August Shield 743 is a blog-article-recommendation-system and it took about a week to complete the first live version. The idea behind a recommendation system is to recommend x based on a,b,c,... where x could be a movie, a book, or as in this case a blog article. If you have visited Amazon and at at the bottom of the page saw the heading "Customers Who Bought This Item Also Bought," you will know what I'm talking about. For example, if you want to buy the Steve Jobs book, you will notice that other people also bought the book Einstein and Benjamin Franklin. Amazon is finding these suggestions with the help of a recommendation system.

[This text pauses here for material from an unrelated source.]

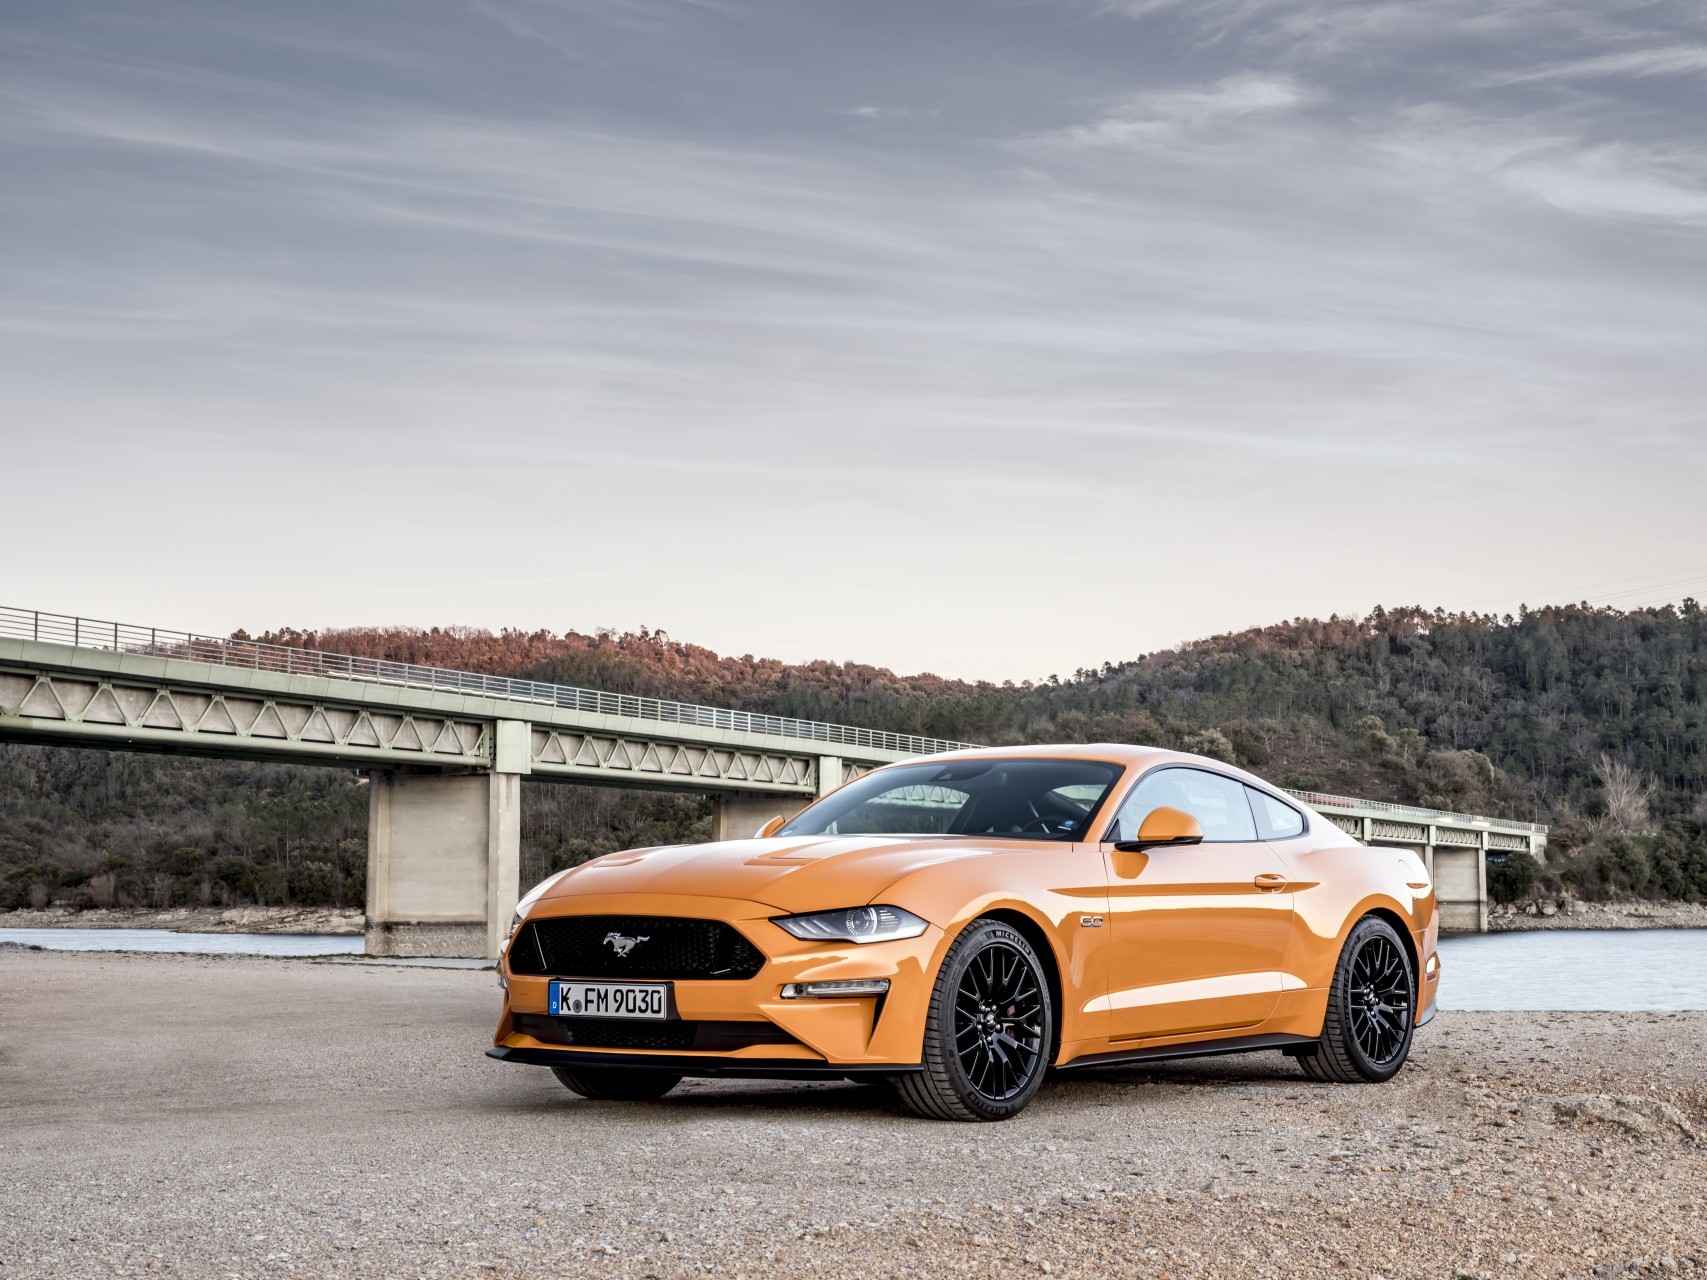 2023 Ford Mustang Awd Indirectly Suggested By Brand Manager Autoevolution

Last year I read the book The Everything Store, which is a biography on Jeff Bezos, who founded Amazon. The section from the book I remember the most is the section where the author talks about the first version of Amazon's recommendation system. It goes like this:
Eric Benson took about two weeks to construct a preliminary version that grouped together customers who had similar purchasing histories and then found books that appealed to the people in each group. That feature, called Similarities, immediately yielded a noticeable uptick in sales and allowed Amazon to point customers toward books that they might not otherwise have found. Greg Linded, and engineer who worked on the project, recalls [Jeff] Bezos coming into his office, getting downed on his hand and knees, and joking, "I'm not worthy."
According to the book Big Data, a third of all of Amazon's sales are said to result from its recommendation and personalization systems.

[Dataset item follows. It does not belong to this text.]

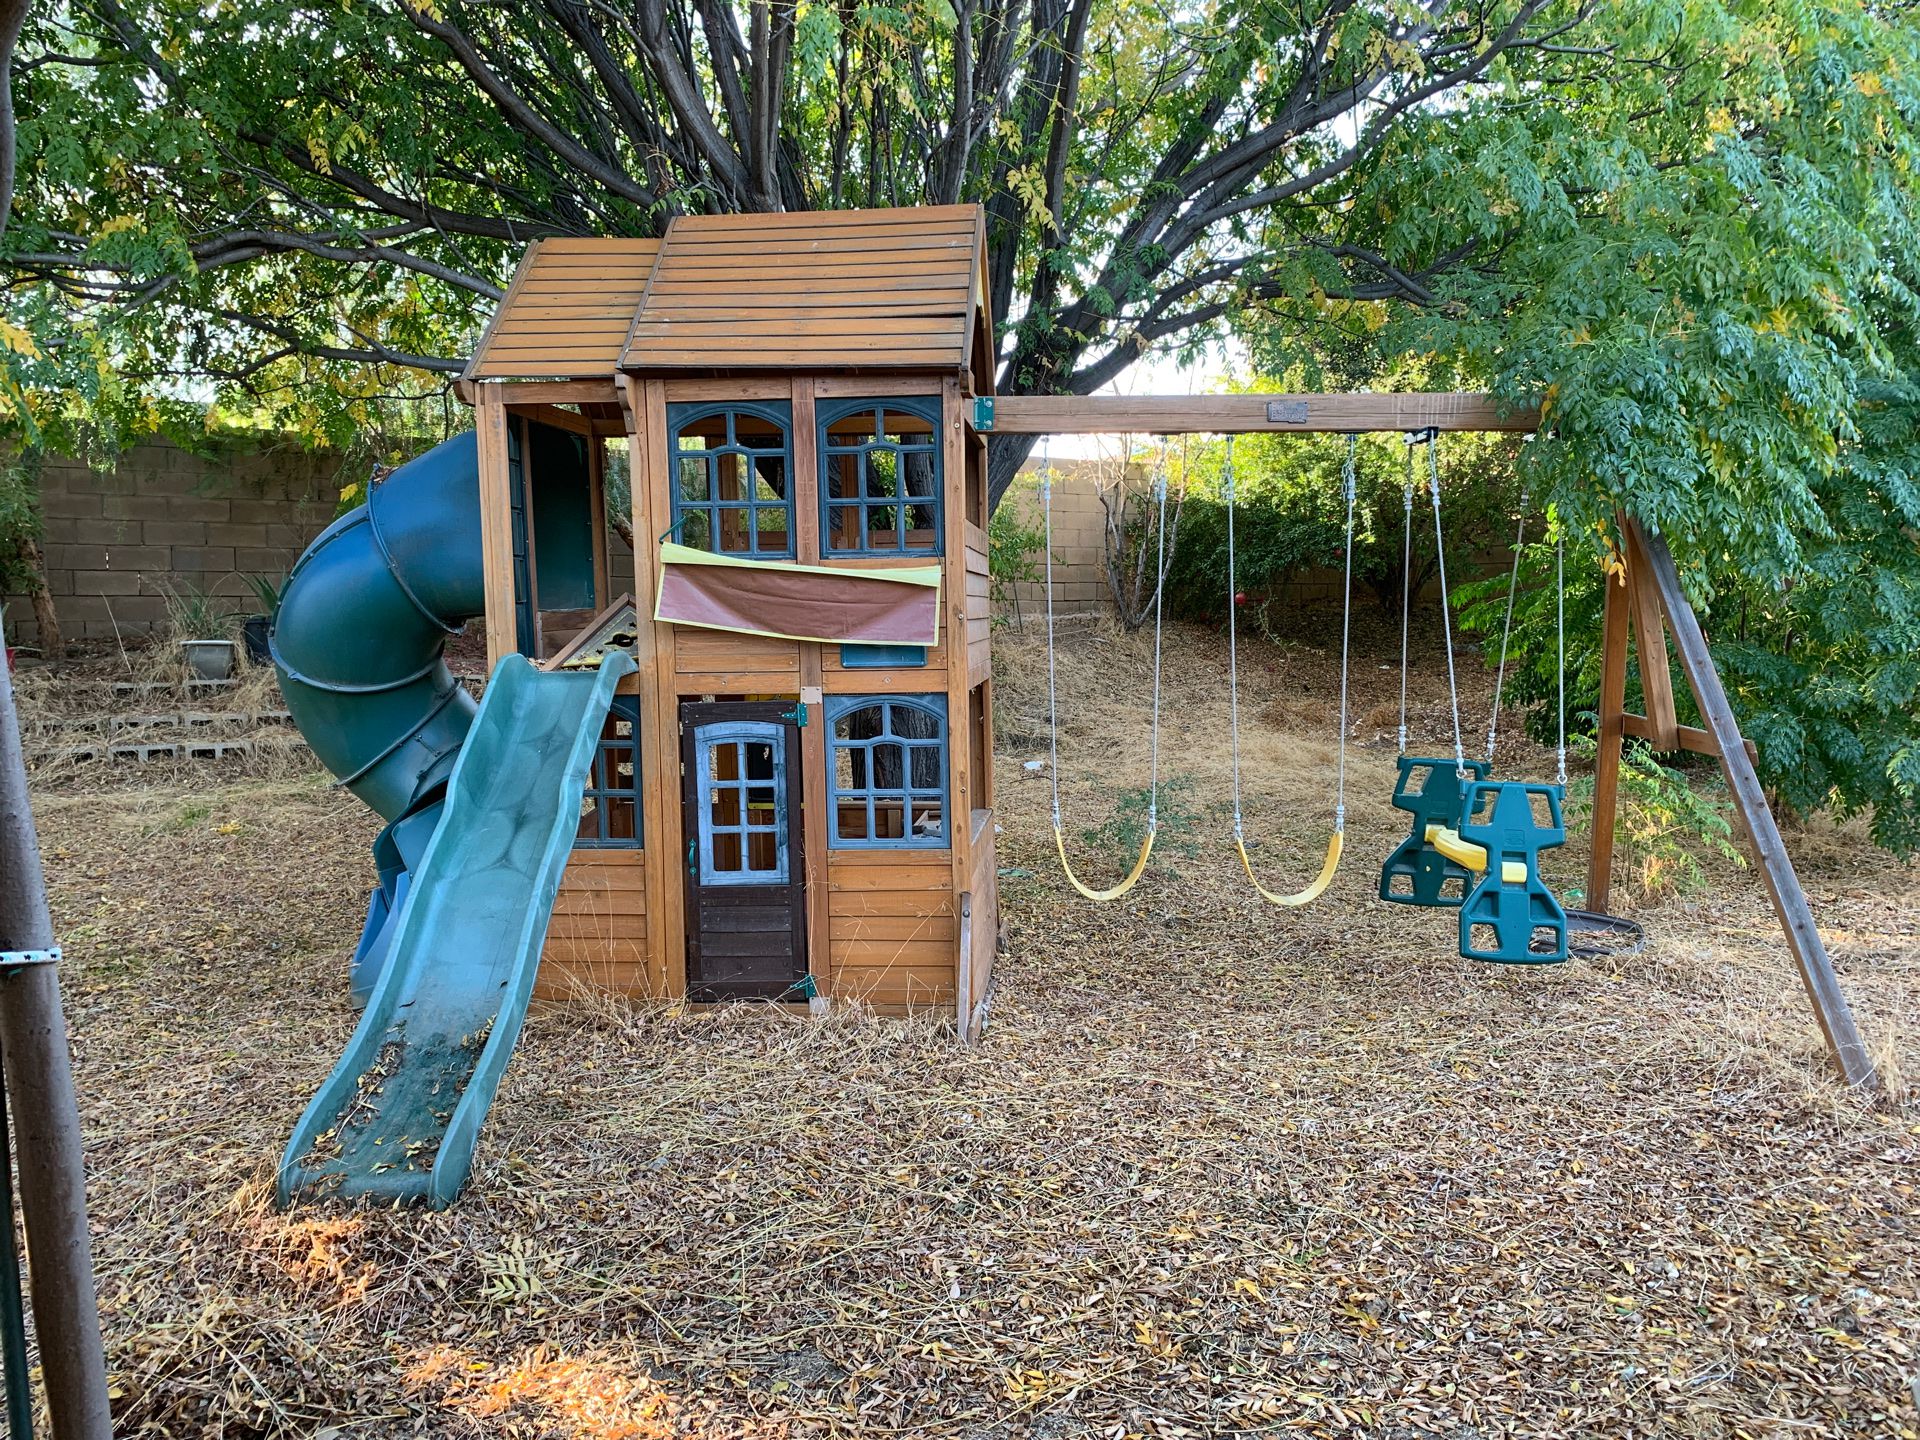 Wooden Playhouse Swing Set for Kids

So a recommendation system is a really powerful tool you can use to increase sales. With this thought in my mind I had earlier installed another recommendation system om this blog called LinkWithin. I've used that system for a while, but I realized that it didn't give any good recommendations. You don't need just any recommendation system - you also need a recommendation system that generates good results.
So a recommendation system is a really powerful tool you can use to increase sales. With this thought in my mind I had earlier installed another recommendation system om this blog called LinkWithin. I've used that system for a while, but I realized that it didn't give any good recommendations. You don't need just any recommendation system - you also need a recommendation system that generates good results.
Improving a recommendation system is actually very complicated. When Netflix wanted to improve their recommendation system they decided to make a competition out of it called Netflix Prize, where the winning team would win 1 million USD. Despite the reward, it took no less than 3 years before the competitors had developed an improved system.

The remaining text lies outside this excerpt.